One example of what I mean. iChat is going to sell Macs. Yes iChat. When coupled with Screen Sharing and Back to my Mac, Leopard delivers a new very easy to use communication tool. Employees of a company, scattered around the globe can use this tool for collaboration; one person can get tech support from another with this tool; a salesman can make a remote presentataion with it. Each of these can of course be done now, without Leopard, if you are Steve Wozniak. But the genius of Leopard is it makes it possible for ordinary shoe-clerks to deploy these labor saving, efficiency delivering tools.
Forget the lower cost of ownership, forget the freedom from attacks, forget the better reliability. The reason to deploy Macs in your company is your people will get more work done.

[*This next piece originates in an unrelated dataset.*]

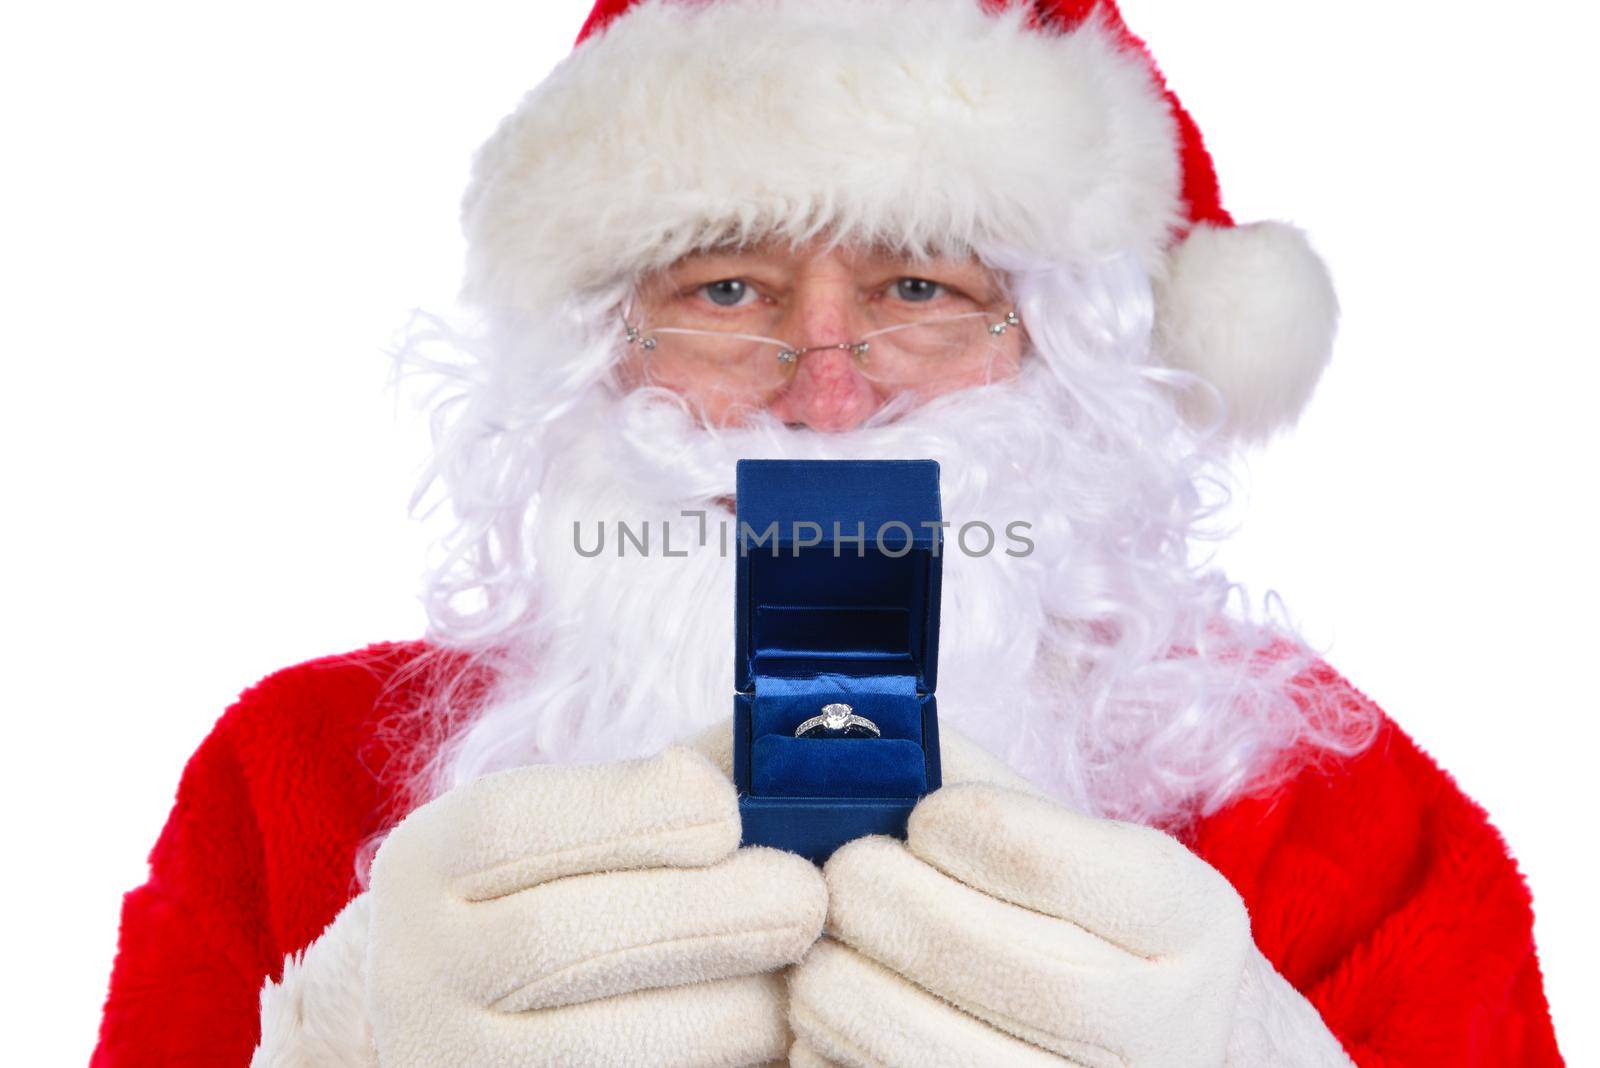 Santa Claus holding an diamond engagement ring in a blue box closeup in front of his face - focus is on ring by sCukrov

The main problem is how to get Macs into the corporations. If you’re the president of a small business, then it’s not a problem. However, in large corporations, the IT guys are gonna hate the idea that a lot of their jobs are going to be on the line if the Macs don’t require their services as much.
Do you think that larger corporations are just going to dump their PCs and bring in thousands of Macs. I’d really enjoy seeing the New World Order of Macs.
I sure wish it would be done, but do you think it’s likely to happen? I don’t know how corporate purchases take place. I always imagined there’s some sort of kickbacks or favors that get contracts and not necessarily purchasing the best computers. Even if that isn’t true, there’s still the problem of competing with Dell which is willing to undercut to razor thin margins just to move hardware.
It’s not the case that the office staff that uses the computers have any input to choose what they would like to use.